The system was Laserdisc-based, relying on several laserdisc players and a database system which would queue up the clips in the order needed from the laserdisc players in the most efficient way, so as to minimize skipping. This however wasn't always possible. And so, if the edits were sufficiently close the system wouldn't always be fast enough to queue up the next clip.

It had three screens connected to it: one was a SUN/1 computer display (the graphical UI for the product), plus one small video (preview) monitor and one large rear-projected containing 'the cut' and was controlled by a custom controller. The controller, called the TouchPad, featured a KEM-style shuttle knob, a trackball, and a host of buttons with LED labels that changed in function depending on what the system was doing. The EditDroid pioneered the use of the graphical display for editing--introducing the "timeline" as well as digital picture icons to identify raw source clips.

Once the entire movie had been edited, a "cut list" of marked frames was turned over to a film laboratory where the actual pieces of film is spliced together in the correct order.

The EditDroid no longer exists as such, and the market for nonlinear editing systems has changed radically since its inception, with products like Final Cut Pro available at consumer level. In many respects the EditDroid was a concept demonstration of the future of editing, with a laserdisc being a good 1980s simulation of what digital access would be like, and an editing interface and workflow that was more like today's methods than any of the videotape linear or analog nonlinear products leading up to the Avid/1 in 1990.

[edit] Advantages and Disadvantages

The advantages of using a digital editing solution over the older analog solutions (like the Moviola), were many.

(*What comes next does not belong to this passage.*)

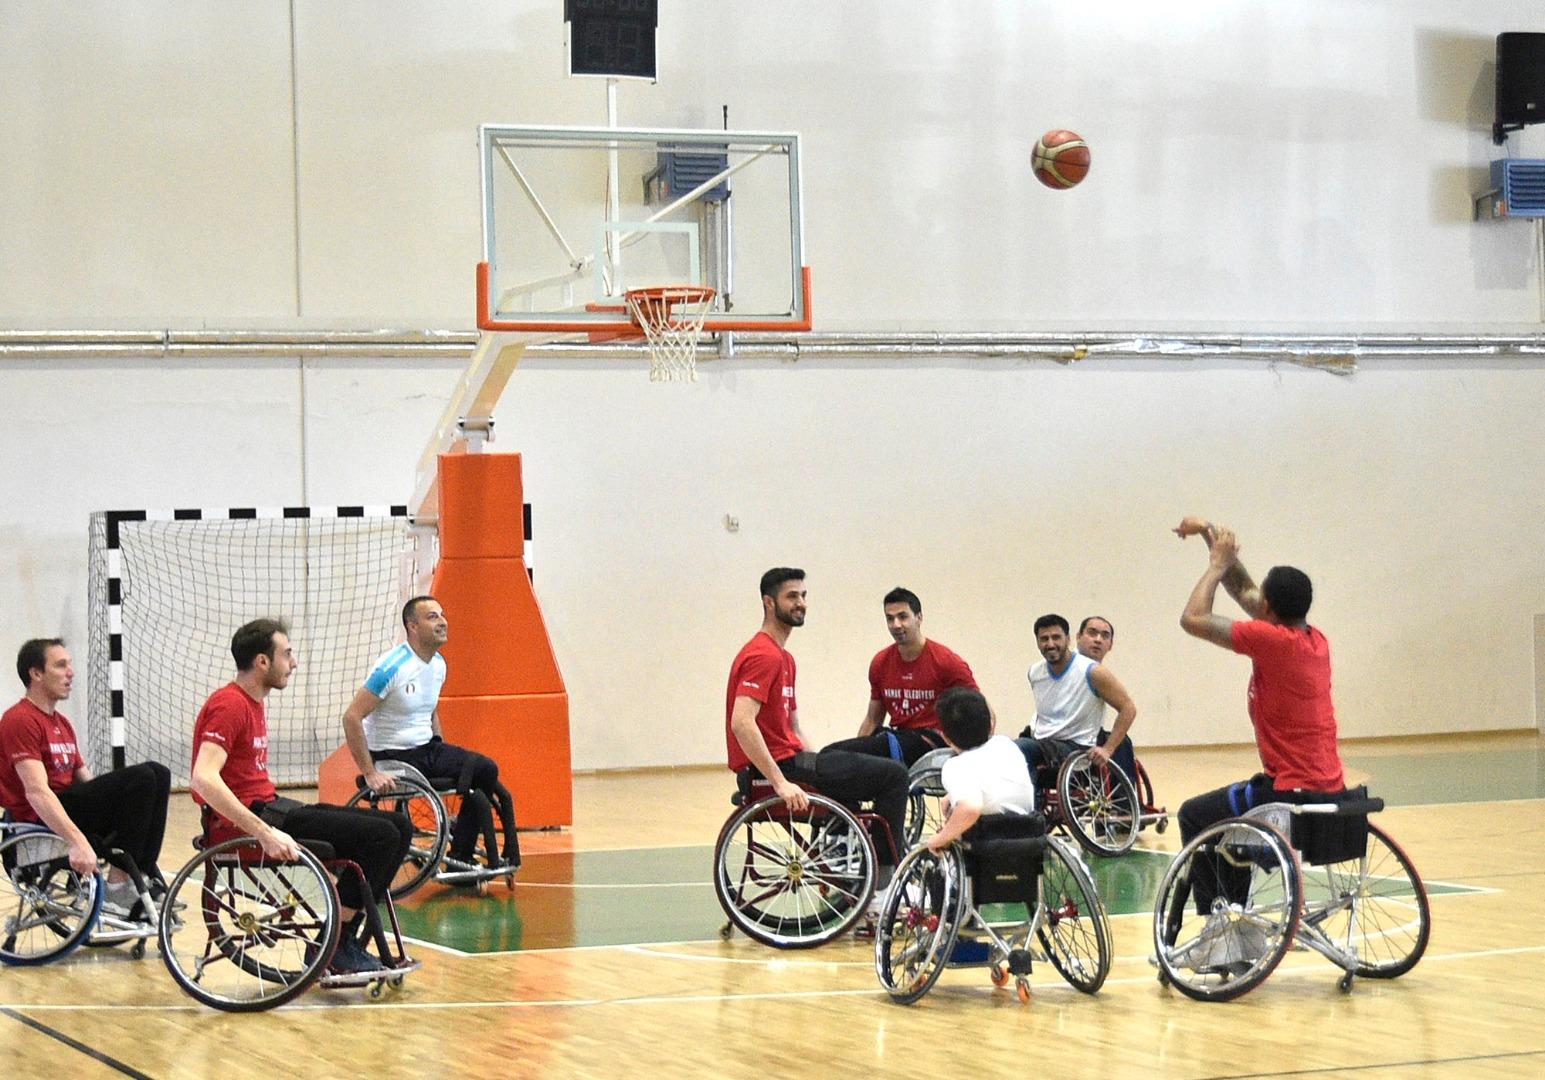 İlk kez tekerlikli sandalyede maç yaptılar

Not only is it much faster to locate the clips needed, keeping track of what can in some cases amount to a staggering amount of footage, is also much easier digitally. Also, editing film digitally is a non-destructive process, where the analog process requires the actual cutting and gluing together of pieces of film as well as manual syncing of sound.

That said, Walter Murch in his book In the Blink of an Eye, mourns the loss of the older analog solutions where you had to move back and forth in the available material a lot to gain an overview, thus getting you very well acquainted with it. A process which is not necessary to the same extent with NLE solutions.

Furthermore, the resolution possible on a laserdisc is much much less than that of a 35mm or even 70mm celluloid (roughly 528 pixels wide on laserdisc vs roughly 5600 pixels on 35mm).

While the laserdisc format was brought to market in the late 70's (as DiscoVision and later, LaserVision) and despite persistent promises from the Music Corporation of America, a cheap method of recording laserdiscs never surfaced, making it exceedingly hard and cumbersome to create the needed laserdiscs for the EditDroid (at this time the storage available on a hard disk was very small and extremely costly).

Furthermore, many potential customers of the EditDroid were put off by the fact that while Lucasfilm Ltd. were the creators of the EditDroid, George Lucas had never in fact used the EditDroid on a movie (despite the EditDroid having been shown with Star Wars Episode VI: Return of the Jedi clips on numerous occasions at tradeshows and at demonstrations). Lucas eventually used his EditDroids in the early '90s on his series "Young Indiana Jones Chronicles."

[edit] Trivia

The first motion picture to be cut on the EditDroid was The Patriot (not the Mel Gibson film, but a more obscure 1986 picture); Richard E. Westover, the editor, said he used the device because he had mistakenly believed Lucas had used it on Return of the Jedi (as Jedi was the material used for product demonstrations). Its use continued to be mostly B-movies until the early 90s, when it was used on the film Kafka and then Oliver Stone's The Doors.

The system was initially going to be called the EdDroid (the droid part being a reference to George Lucas's Star Wars universe), but was later renamed to EditDroid by the time it was released in 1984. When it was re-released in the late 80s, the case was changed to editDROID (as can be seen in the credits for the movie Medicine Man).